Chances are that as soon as they know you are coming they are freaking out, they are on forums asking advice usually on if they can covertly record you or how to talk with you in a way that is clear and you can't twist to fit any agenda some of them are phoning legal advisors or charitable support services to find out what they can expect and what you can and can't do, they are asking other people if they know you and if you are ok. Trust is usually the last thing on their minds.

You have an expectation that is sanctioned by the virtue of your employment that they trust you they have little to no choice this is a clear expectation upon them. They have no equal expectation of trust placed on them from you. You do not have to trust them so they cannot breach your trust you can only breach theirs.

You may if you are very good at your job inspire trust from them after they have met you but at no time during your contact with them does the power imbalence change and at no time does the trust dynamic change.

What often tends to happen is the stress of the nature of the meeting combined with they way professionals tend to comunicate with service users result in you walking away to write your notes up and the family has no idea what you said really meant and they only find out months down the line when they get given the notes (that tend to send them into another scurry of panic) or they do a SAR and see them. Often these notes to them have little to no connection with the meeting from their perspective.

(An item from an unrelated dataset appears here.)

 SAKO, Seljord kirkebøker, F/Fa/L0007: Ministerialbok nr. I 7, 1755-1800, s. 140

You may end up with a open request to comunicate the majority of your stuff that cannot be done face to face by email or they may attempt to engineer It by other methods such as emailing you with things like further to our meeting at x time I would like to clarify that xyz was discussed and xyz was agreed.

Sadly this is often viewed by the professional as tiresome or extra work or they just plain don't like putting things in writing so you don't bother. in reality it should be viewed as your failing because it means you have not been transparent you have not been clear, your meeting to the service user has not been the same as your notes and you have not managed a hugely important part of your job that being inspiring trust and by doing so you broke their trust the trust that they are obliged to place in you sometimes for the highest stakes you can think of.

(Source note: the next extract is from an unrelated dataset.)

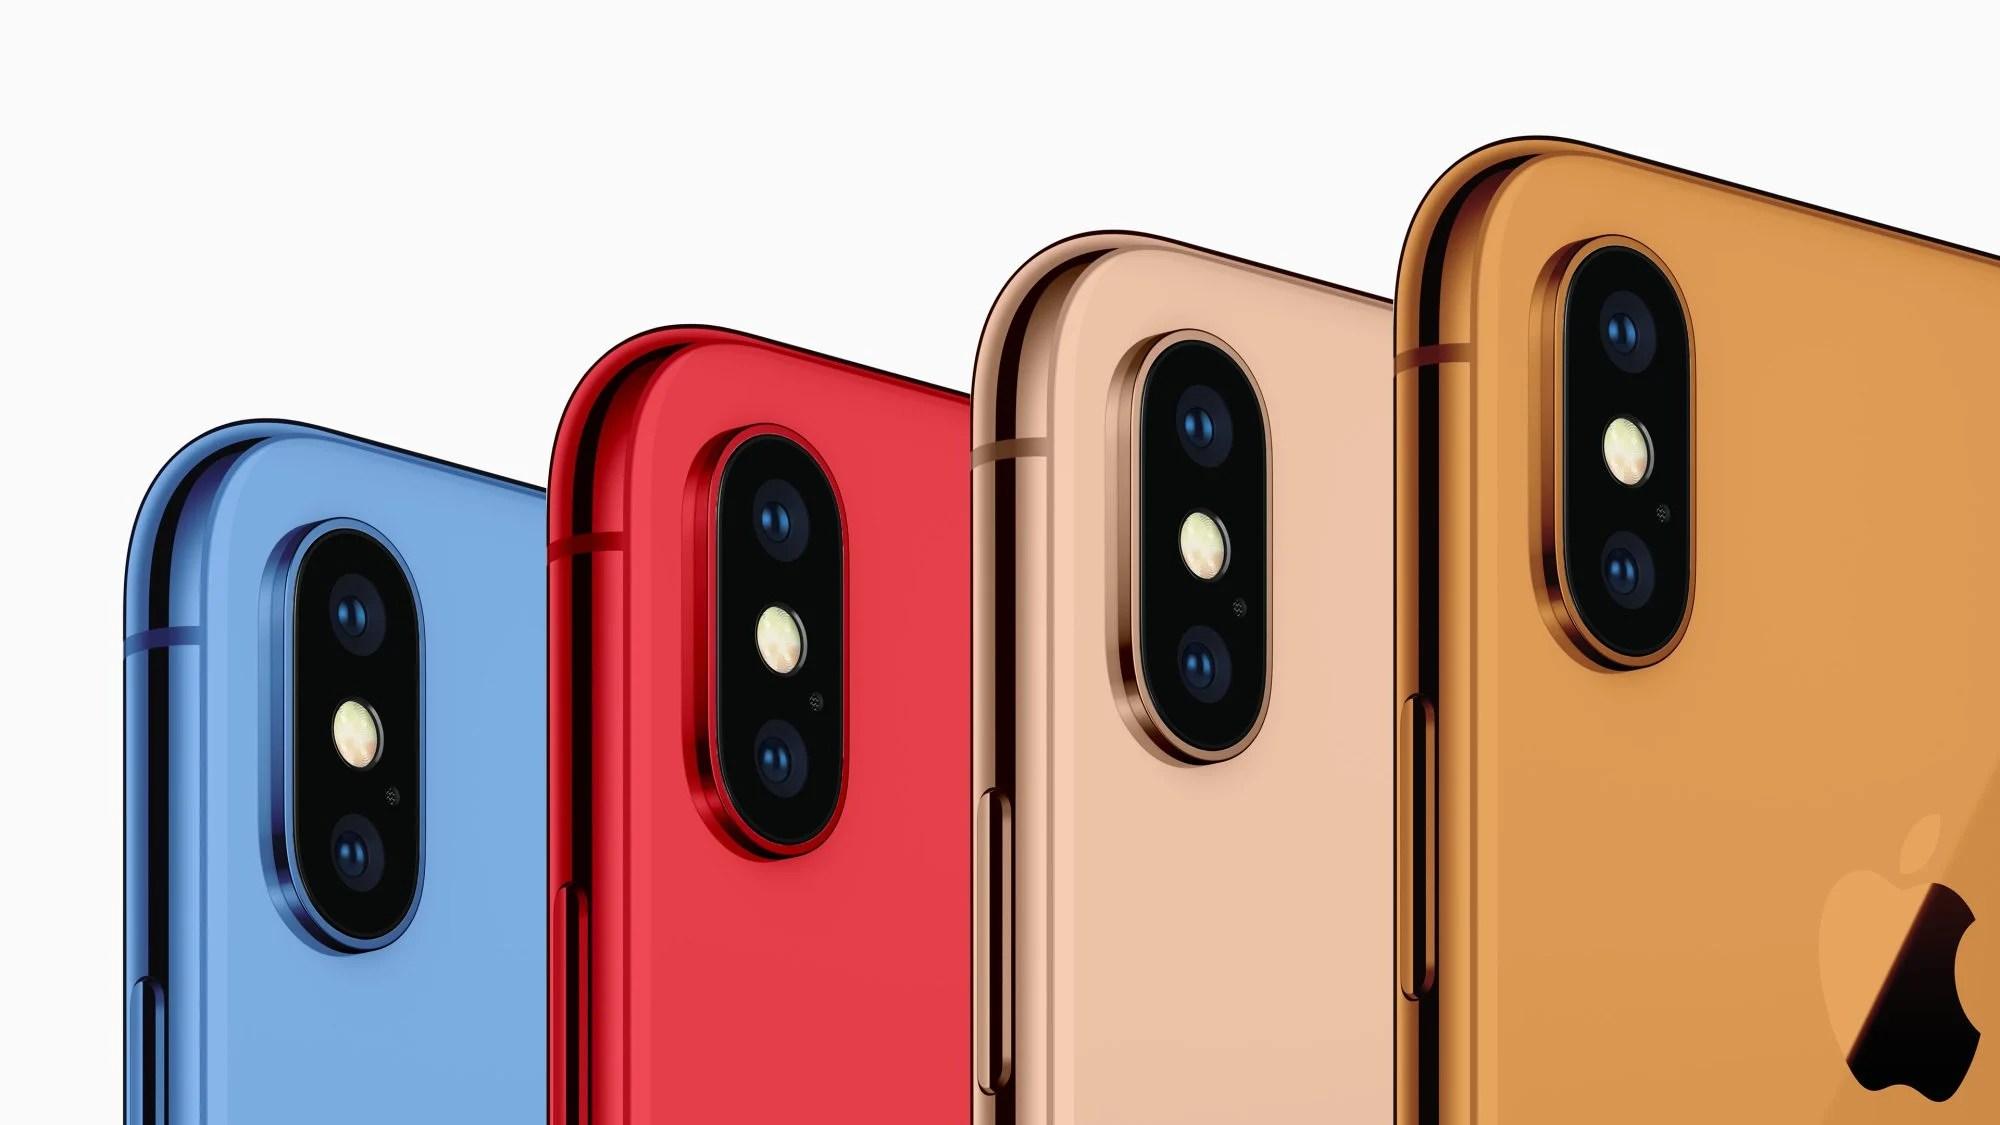 iPhone Xr : Apple révèle les 6 coloris et capacités de stockage qui seront proposés

fusionconfusion · 09/07/2016 22:51

You need an advocate.

I didn't record but I did have that same experience of being told I was "shouting and screaming" when I was speaking in an absolutely level tone of voice.

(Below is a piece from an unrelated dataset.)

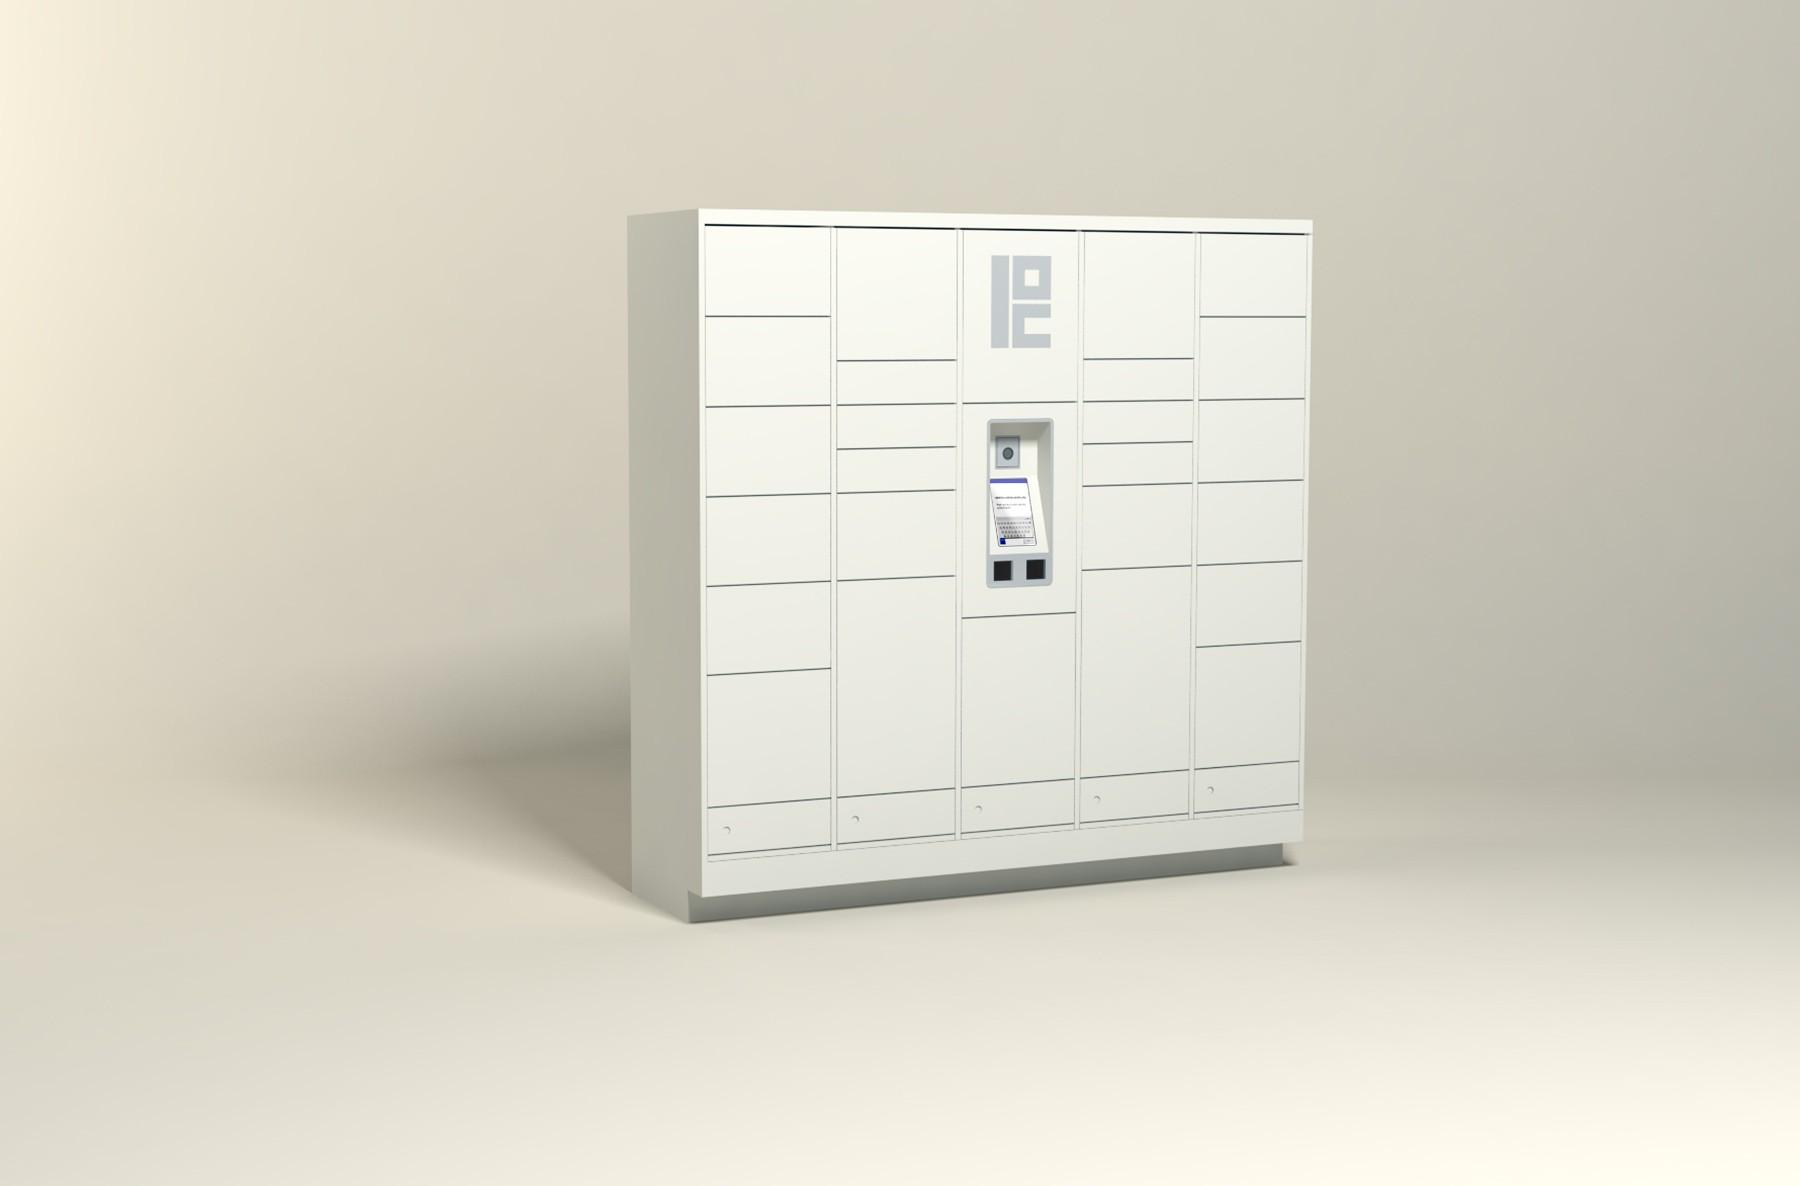 100 Unit - 30 Total Openings - Steel Smart Locker

I took a complaint and it took nearly nine months but ultimately I got a 32 page letter of apology. Now, five years on, I feel it was a monumental waste of everyone's time to get involved with it. It was deeply painful to be treated so poorly but the best I can advise is to seek support elsewhere if AT ALL possible and just pick your battles. Some of them are definitely not good ones... but it probably isn't worth your time or energy to engage with it.

fusionconfusion · 09/07/2016 22:53

"Often these notes to them have little to no connection with the meeting from their perspective."

And this. Unfortunately (and I say this as one, long pre-dating my mental health difficulties) HCPs are often very, very poor at correctly reporting their own biases and actions accurately and without prejudice and frequently massively overinterpret minor aspects of service user interactions.

grannytomine · 09/07/2016 23:15

When the police record an interview they do it on a machine that makes two copies, one for the person being interviewed and one for the police. This seems reasonable as no one can tamper with the recording, I mean edit it.